Conflict of Interest Disclosures: All authors have completed and submitted the ICMJE Form for Disclosure of Potential Conflicts of Interest. Allan Vaag was appointed vice president for AstraZeneca’s Translational Research and Early Clinical Development during the completion of the study, but remained in the scientific steering committee of this study. Dr Christensen’s employer, the Parker Institute, Bispebjerg, and Frederiksberg Hospital, is supported by core grant OCAY-13-309 from the Oak Foundatian; he reports receiving personal fees from Abbott, AbbVie, Amgen, Axellus A/S, Bayer HealthCare Pharmaceuticals, Biogen Idec, Bristol-Myers Squibb, Cambridge Weight Plan, Celgene, Eli Lilly, Hospira, Ipsen, Janssen, Laboratories Expanscience, Merck Sharp & Dohme, Mundipharma, Norpharma, Novartis, Orkla Health, Pfizer, Roche, Rottapharm-Madaus, Sobi, Takeda, and Wyeth; personal fees from employment from Research Unit for Musculoskeletal Function and Physiotherapy, Institute of Sports Science and Clinical Biomechanics, and the University of Southern Denmark; grants pending and grant funding from Axellus A/S, AbbVie, Cambridge Weight Plan, Janssen, Merck Sharp & Dohme, Mundipharma, Novartis, and Roche; and being involved in many health care initiatives and research that could benefit from wide uptake of this publication including Cochrane, Outcome Measures in Rheumatology, International Dermatology Outcome Measures, RADS, and the Grading of Recommendations Assessment, Development and Evaluation Working Group. No other disclosures were reported.

Figures

Figure 1.. Flow of Participants Through the Study

BMI indicates body mass index (calculated as weight in kilograms divided by height in meters squared).

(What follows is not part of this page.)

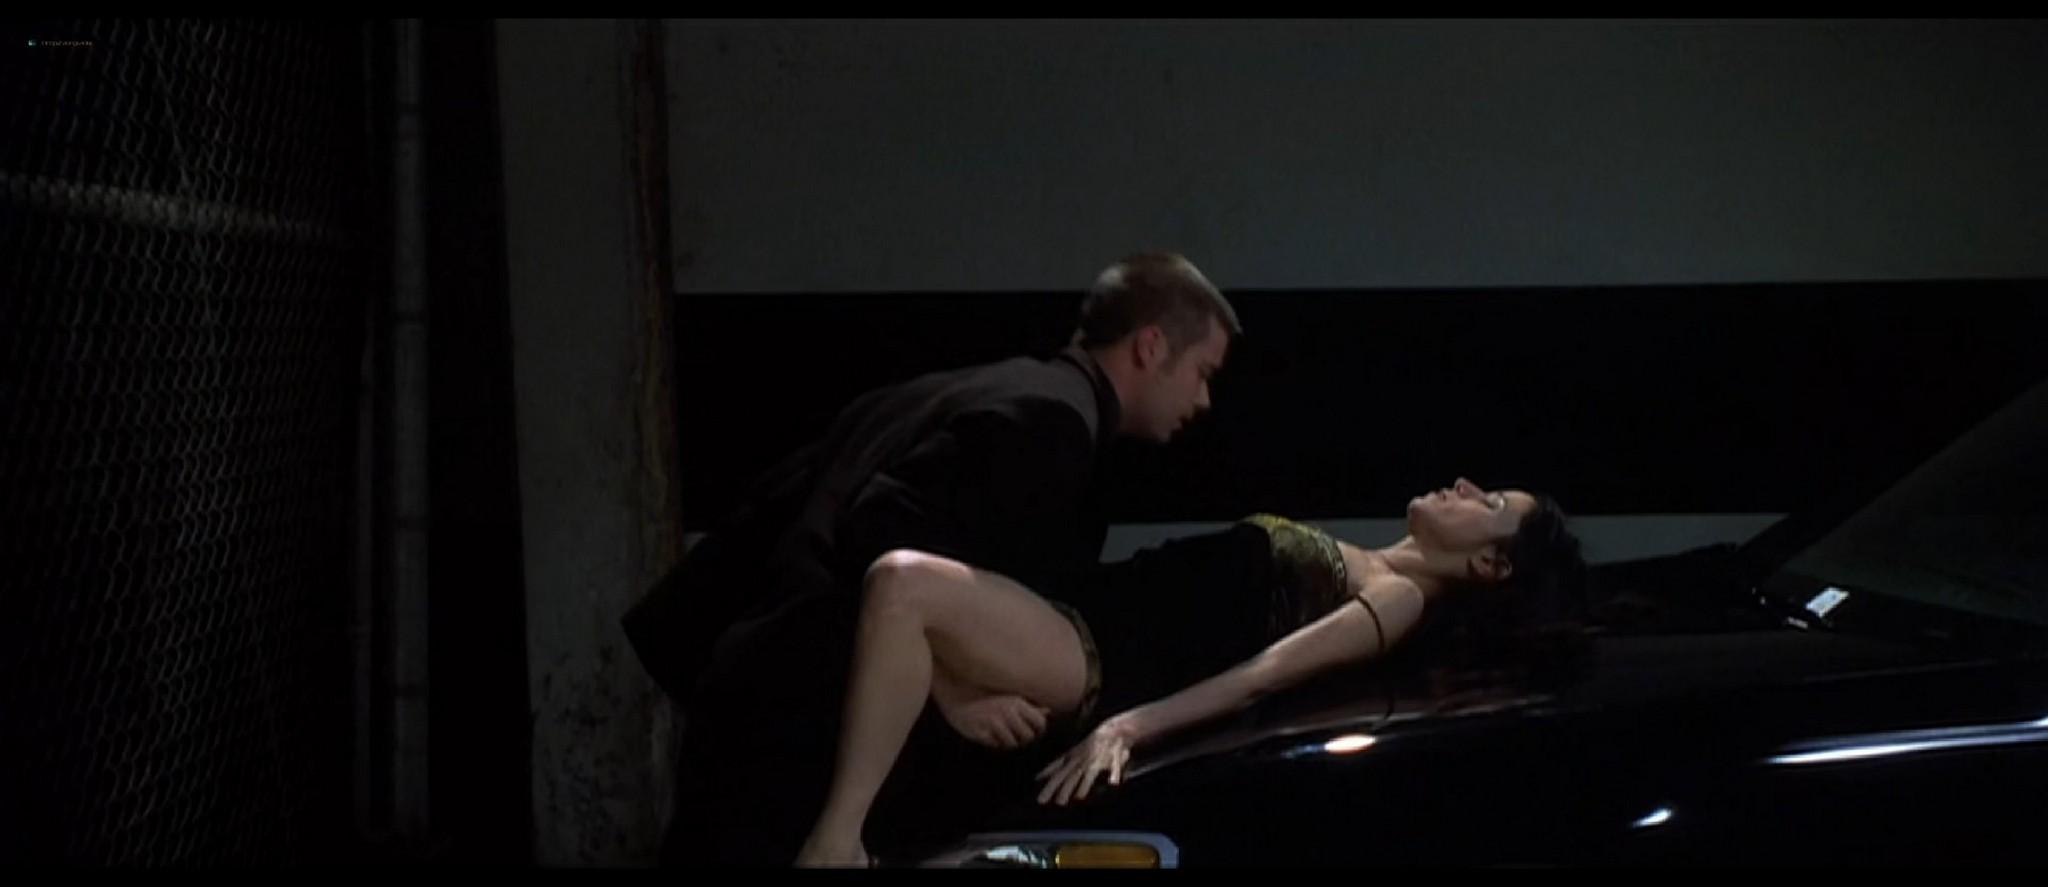 Tara Reid nude hot sex and Emily Procter nude body double - Body Shots (1999) HD 1080p Web (17)

Figure 2.. Hemoglobin A1c Levels for the Lifestyle vs Standard Care Groups Among Participants With Non–Insulin-Dependent Type 2 Diabetes, Intention-to-Treat Analysis

Data are least squares means derived from mixed linear models and adjusted for baseline hemoglobin A1c and sex. Error bars indicate 95% CIs.

Figure 3.. Proportion of Participants With Non–Insulin-Dependent Type 2 Diabetes With a Reduction in Glucose-Lowering Medication From Baseline in the Lifestyle vs Standard Care Groups

Error bars indicate 95% CIs. If the prespecified treatment target was reached at the medical consultation, the pharmacological treatment was halved. If unchanged values or an additional reduction was observed at the following medical consultation, the medical treatment was paused.